The option for mapping diectories is: -v /host/directory:/container/directory
The option for mapping ports is -p external_port:container_port
One example start commant line would be:
docker run -v /home/asenf/Documents/ecoli/:/usr/index/ -v /home/asenf/Documents/mask/:/usr/mask/ -p 9221:9221 uk.ac.ebi/bwaserver -v -m /usr/mask/mask -l /usr/index/29.AP009048.sequence.fasta
In this example, the external index and mask directories are simply mapped to /usr/mask
and /usr/index
.
The options specified after the image name are then passed to the startup of the server insie of the Docker container, using paths relative to the container.
In this example the BWA index used by bwa inside the Docker container is on system path: /home/asenf/Documents/ecoli/29.AP009048.sequence.fasta
.
This project is also available is a complete Docker image at https://hub.docker.com/r/alexandersenf/bwaserver.

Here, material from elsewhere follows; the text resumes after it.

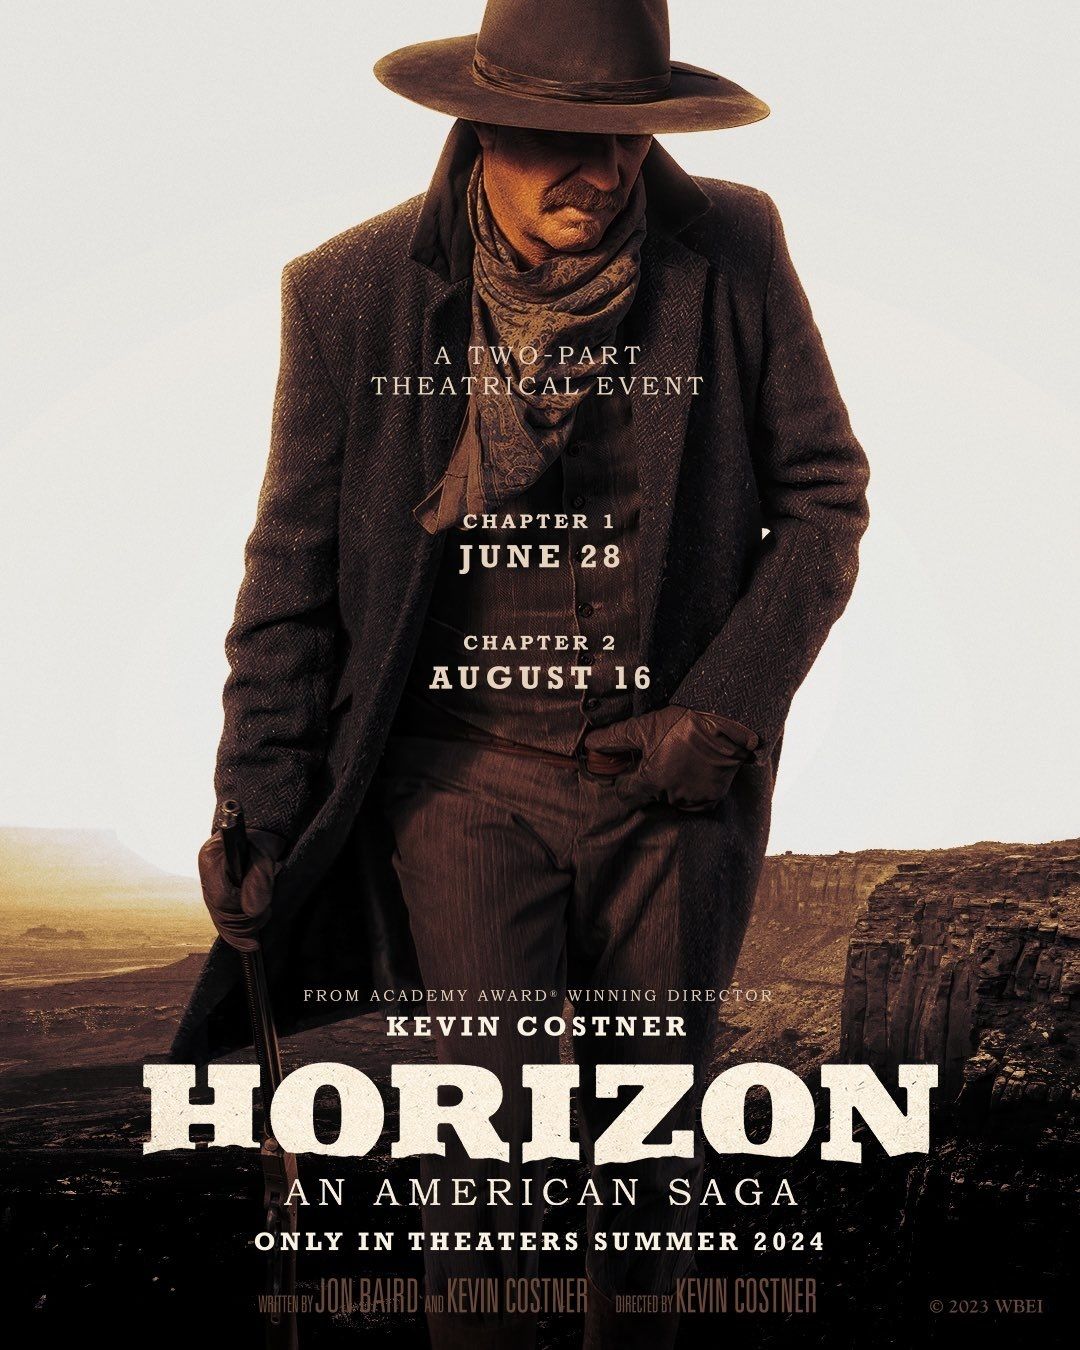 Kevin Costner's Western Epic, Horizon, Lands Summer Release Dates

To run the image from here:
docker pull alexandersenf/bwaserver:firsttry
The name of the image is alexandersenf/bwaserver:firsttry
(at the moment). So to start this image:
docker run -v /home/asenf/Documents/ecoli/:/usr/index/ -v /home/asenf/Documents/mask/:/usr/mask/ -p 9221:9221 alexandersenf/bwaserver -v -m /usr/mask/mask -l /usr/index/29.AP009048.sequence.fasta
There are 6 possible options:
'-p' port (default 9221)
'-c' cores (default 4*available system cores)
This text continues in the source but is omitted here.